• [Aim of the task] All of the data that follows is to be printed exactly, without pictures.

• [Data excerpt]
****************

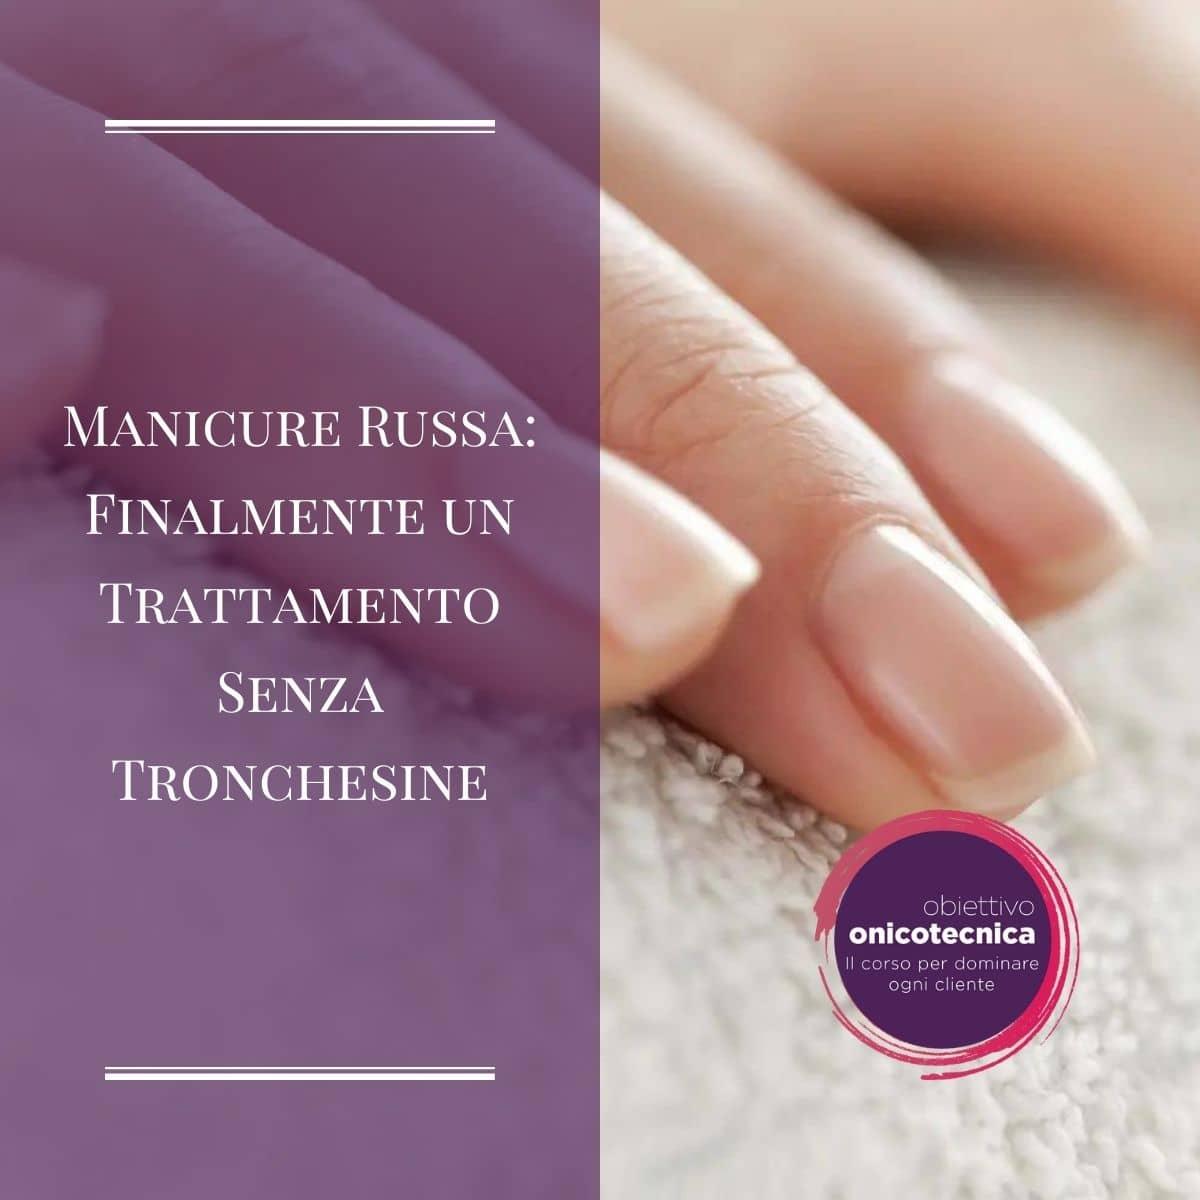 Manicure Russa: Finalmente un Trattamento Senza Tronchesine
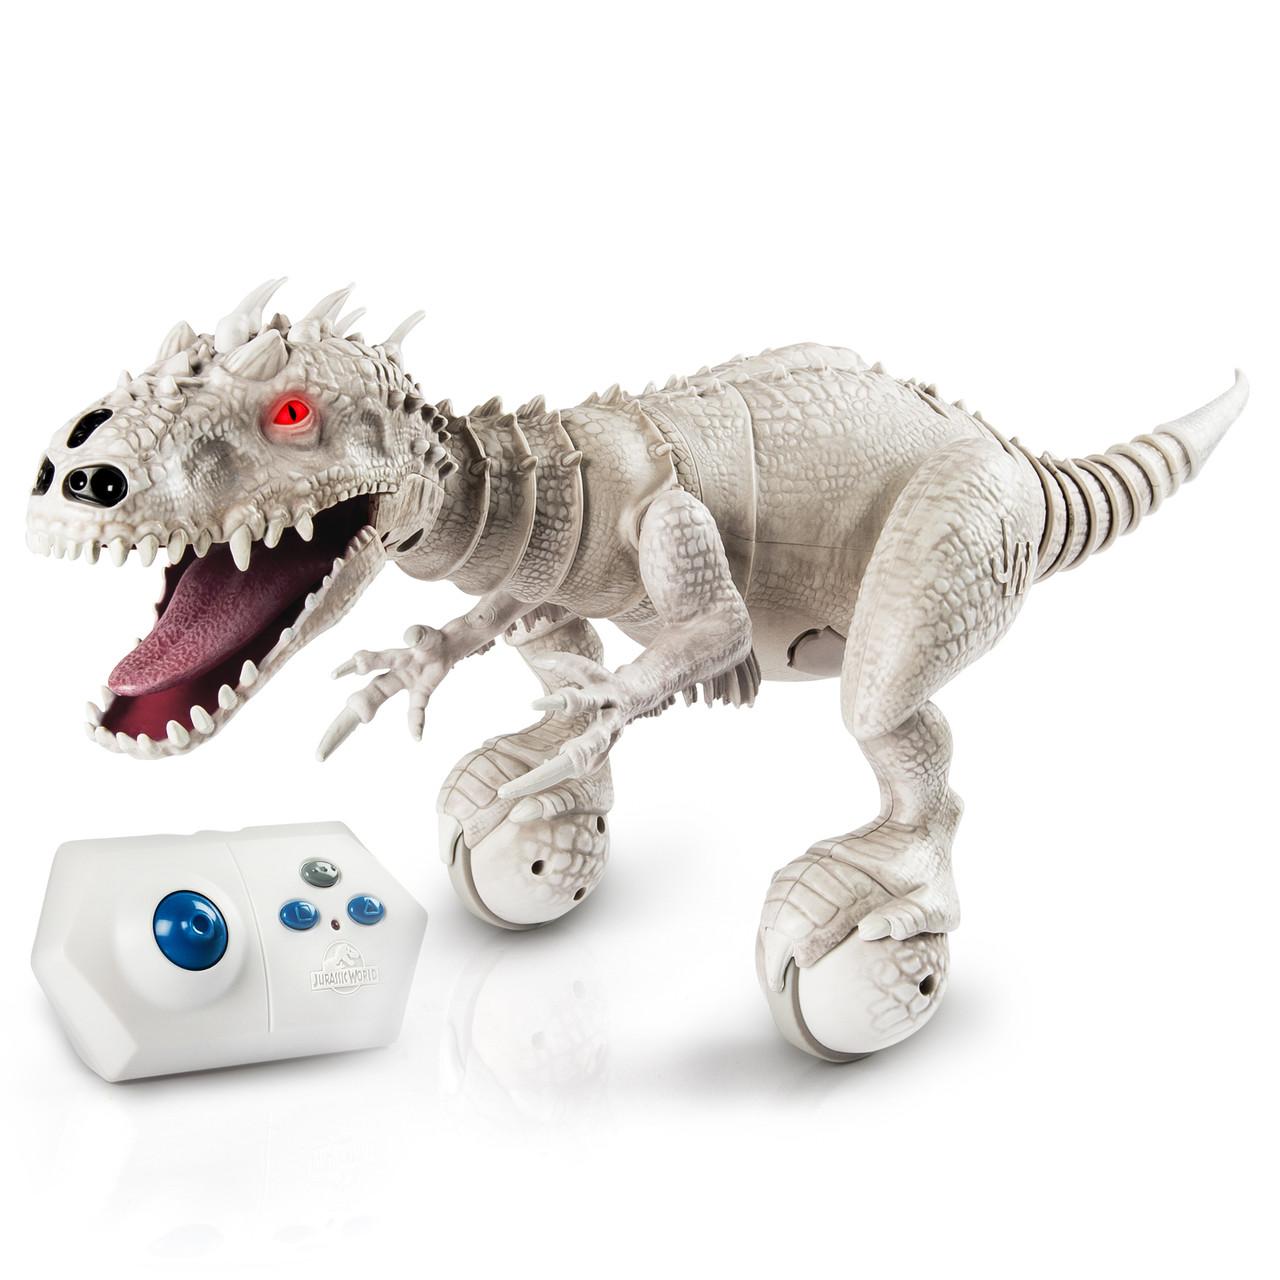 Dino Zoomer - Интерактивный робот-динозавр из Jurassic World
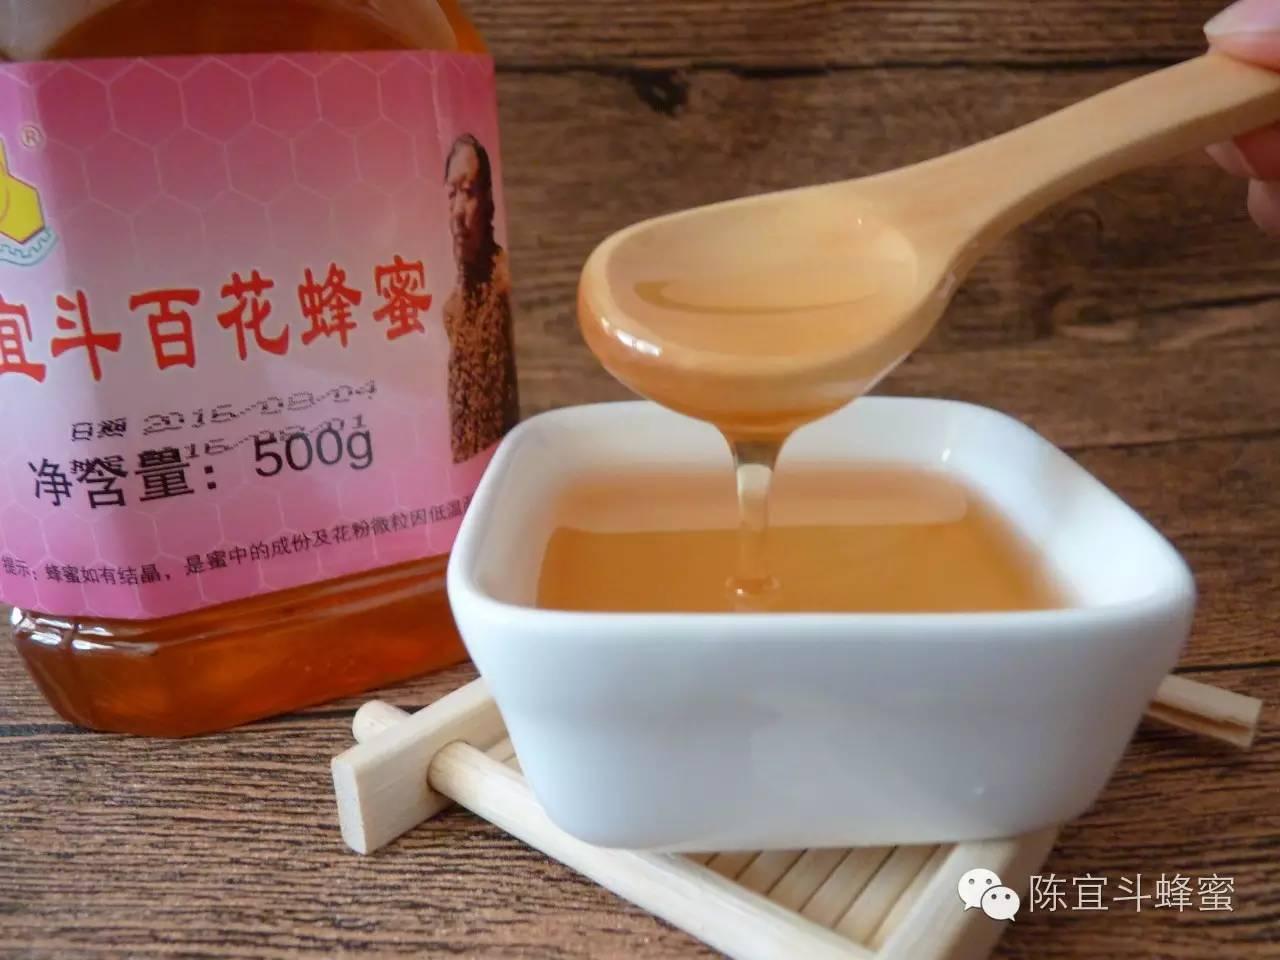 蜂蜜塑料瓶批发 蜂蜜和灵芝孢子粉 皮肤烧伤喝蜂蜜 蜂蜜搅拌棒作用 纯蜂蜜怎么做唇膏

****************

• [Your response]
 Manicure Russa: Finalmente un Trattamento Senza Tronchesine
 Dino Zoomer - Интерактивный робот-динозавр из Jurassic World
 蜂蜜塑料瓶批发 蜂蜜和灵芝孢子粉 皮肤烧伤喝蜂蜜 蜂蜜搅拌棒作用 纯蜂蜜怎么做唇膏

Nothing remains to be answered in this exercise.